Neverland não não também não

domingo, 22 de fevereiro de 2015

Doctor

 

 
 

  A noite havia apenas começado para o mundo. Mas para uma criança já era hora de dormir. E para a vovó também. Ela dormira no sofá e sempre que a menina se aproximava e aconselhava que fosse para a cama, a velhinha dizia que estava vendo TV. Não querendo mais insistir, quando ela adormecera novamente, a criança lhe acomodou melhor e lhe cobriu, desligando a televisão e indo para seu quarto logo em seguida.

  Seus pais tinham ido a uma festa e a deixara com sua avó. Eles faziam isso algumas vezes, e ela até mesmo gostava: conversava e brincava com sua avó e esperava na janela o Peter Pan chegar. Sonhara com ele inúmeras vezes, mas gostava de crer que não eram sonhos, que ele a fazia pensar que o eram. Acreditava ainda mais porque apenas sonhava com ele quando sua avó cuidava dela e acabava dormindo no sofá.

  Sentadinha perto da janela, olhando para o céu, encantada com a lua e esperando algo que não sabia se chegaria. Analu suspirou, e junto com seu suspiro lágrimas escorreram de seus olhinhos. Queria viver uma vida de sonhos, não uma vida de fatos.

  Para sua surpresa ouvira um barulho. Um barulho que nunca conseguiria reproduzir, mas que fazia sua mente se encher de possibilidades. Algo surgira em seu quintal e ela simplesmente não conseguia ver por causa de uma árvore que estava na frente. Levantara-se de um salto e se esforçava para tentar ver, mas não conseguia. Descera as escadas correndo, mas se preocupando em não fazer barulho, e abrira a porta, escondendo-se atrás dos arbustos e da árvore.
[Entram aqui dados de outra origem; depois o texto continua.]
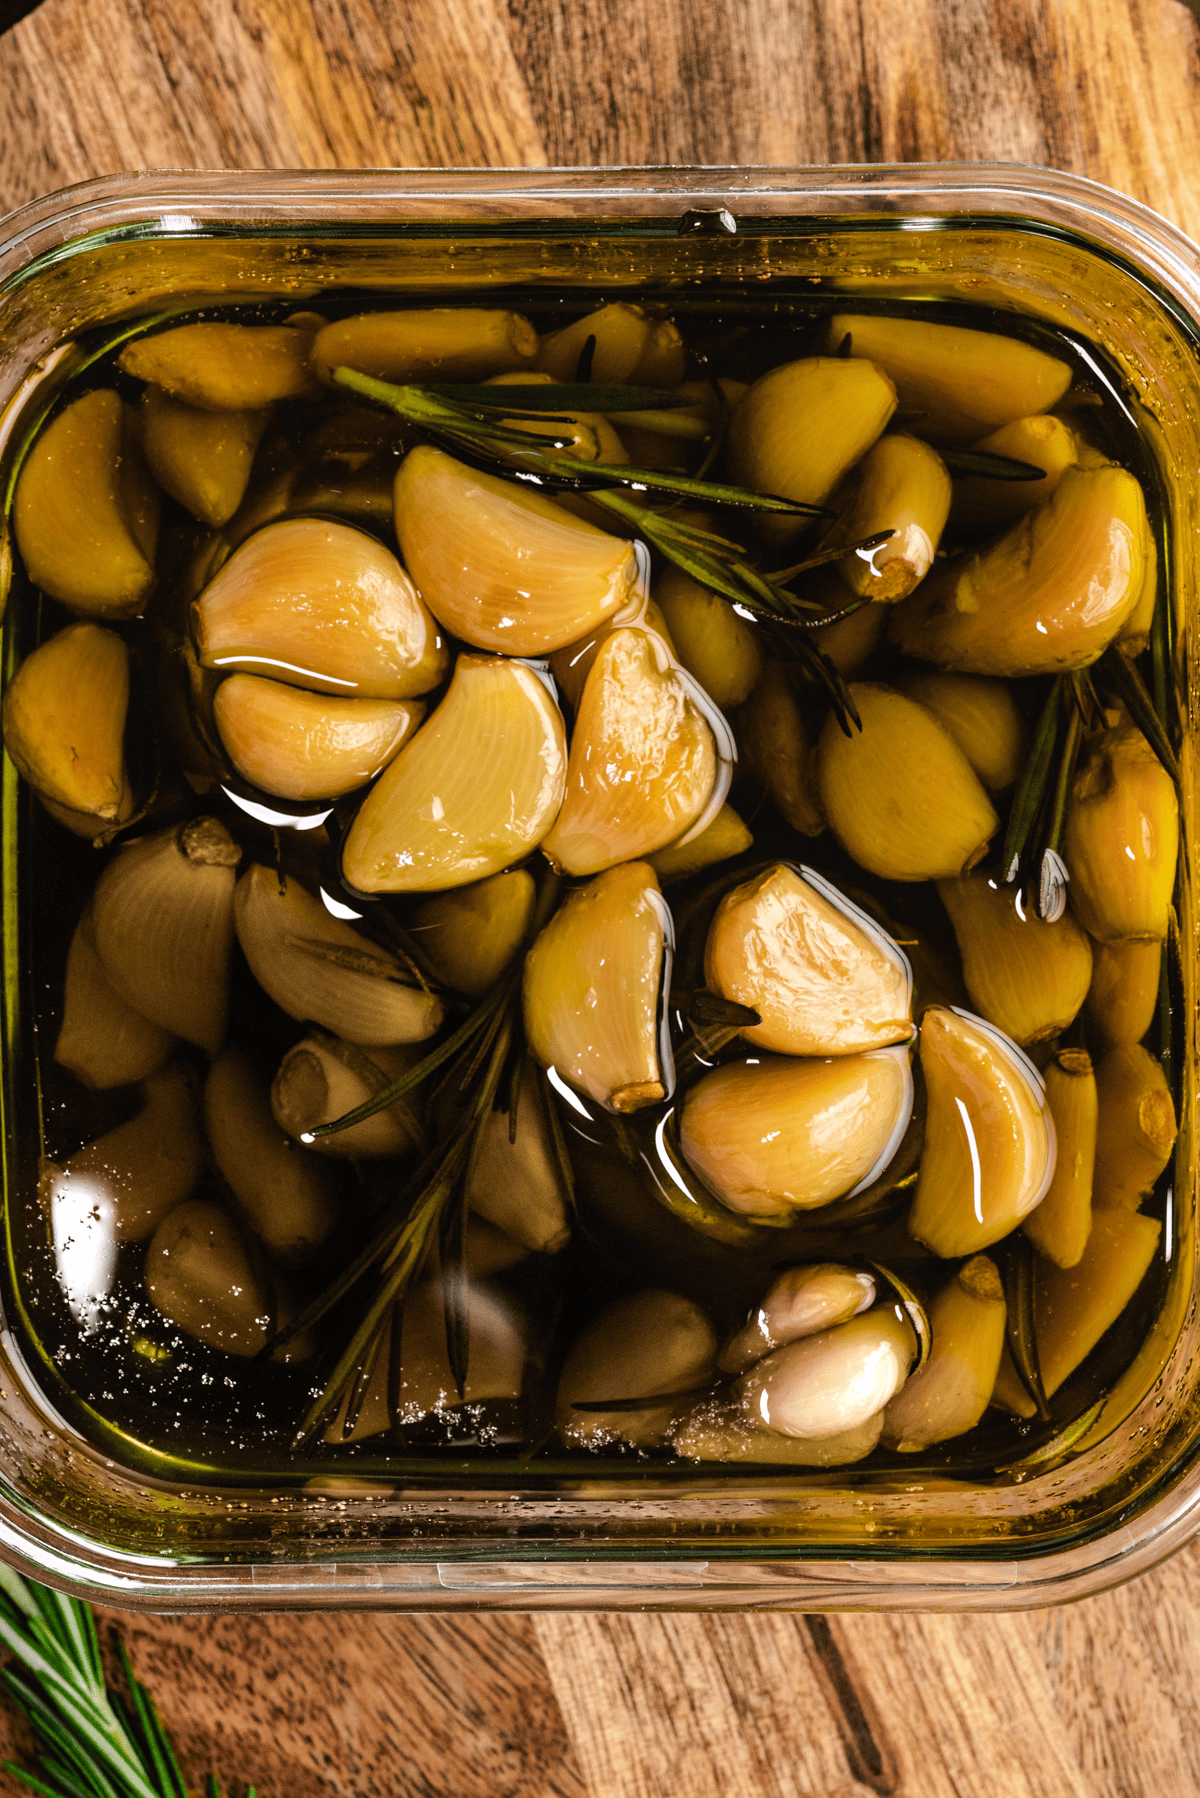 Garlic lovers rejoice: You can make homemade garlic confit and garlic oil with only a few minutes of prep time. Slowly roasting garlic cloves in olive oil allows them to become mild, caramelized, and tender enough to spread with a butter knife.
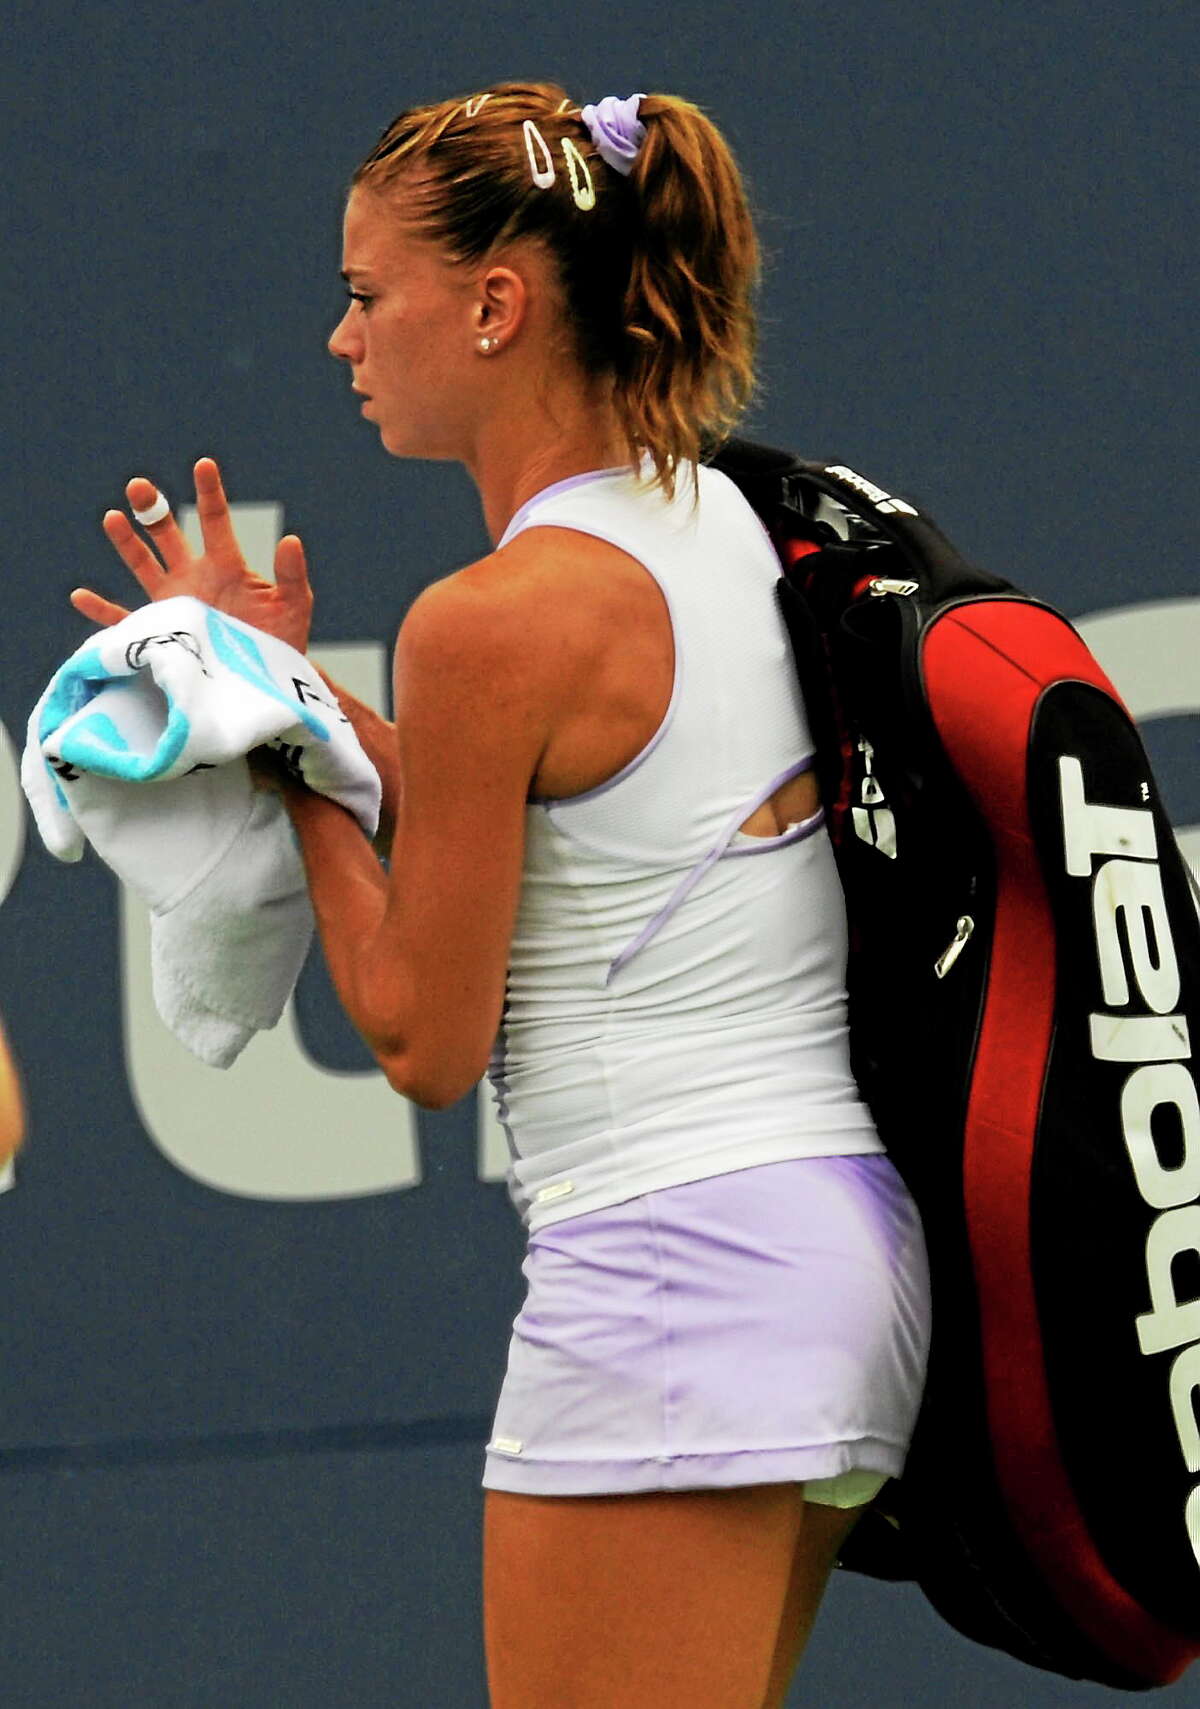 Camila Giorgi fell to Magdalena Rybarikova 6-2, 6-4 in the semifinals of the Connecticut Open on Friday in New Haven.

  Seria uma fada? Um elfo? Um gnomo? Não, parecia-lhe muito barulhento para tal. Um gigante?! Seria muito ruim se o fosse, não tinha nem ao menos uma espada... Talvez pudesse usar seus poderes mágicos... Que ainda não tinham se manifestado. Má ideia. Mas se fosse um gigante, pelo menos um herói iria salvá-la. Ao menos, ela esperava.

  Estava difícil de ver sem ser vista, e Analu tinha um pouco de medo por trás de todas as suas esperanças. Enfim, rapidamente, ela remexeu os arbustos, e com olhinhos atentos viu uma grande caixa azul. Uma grande caixa azul que nunca estivera no seu quintal e que não poderia aparecer ali tão repentinamente se não fosse por mágica.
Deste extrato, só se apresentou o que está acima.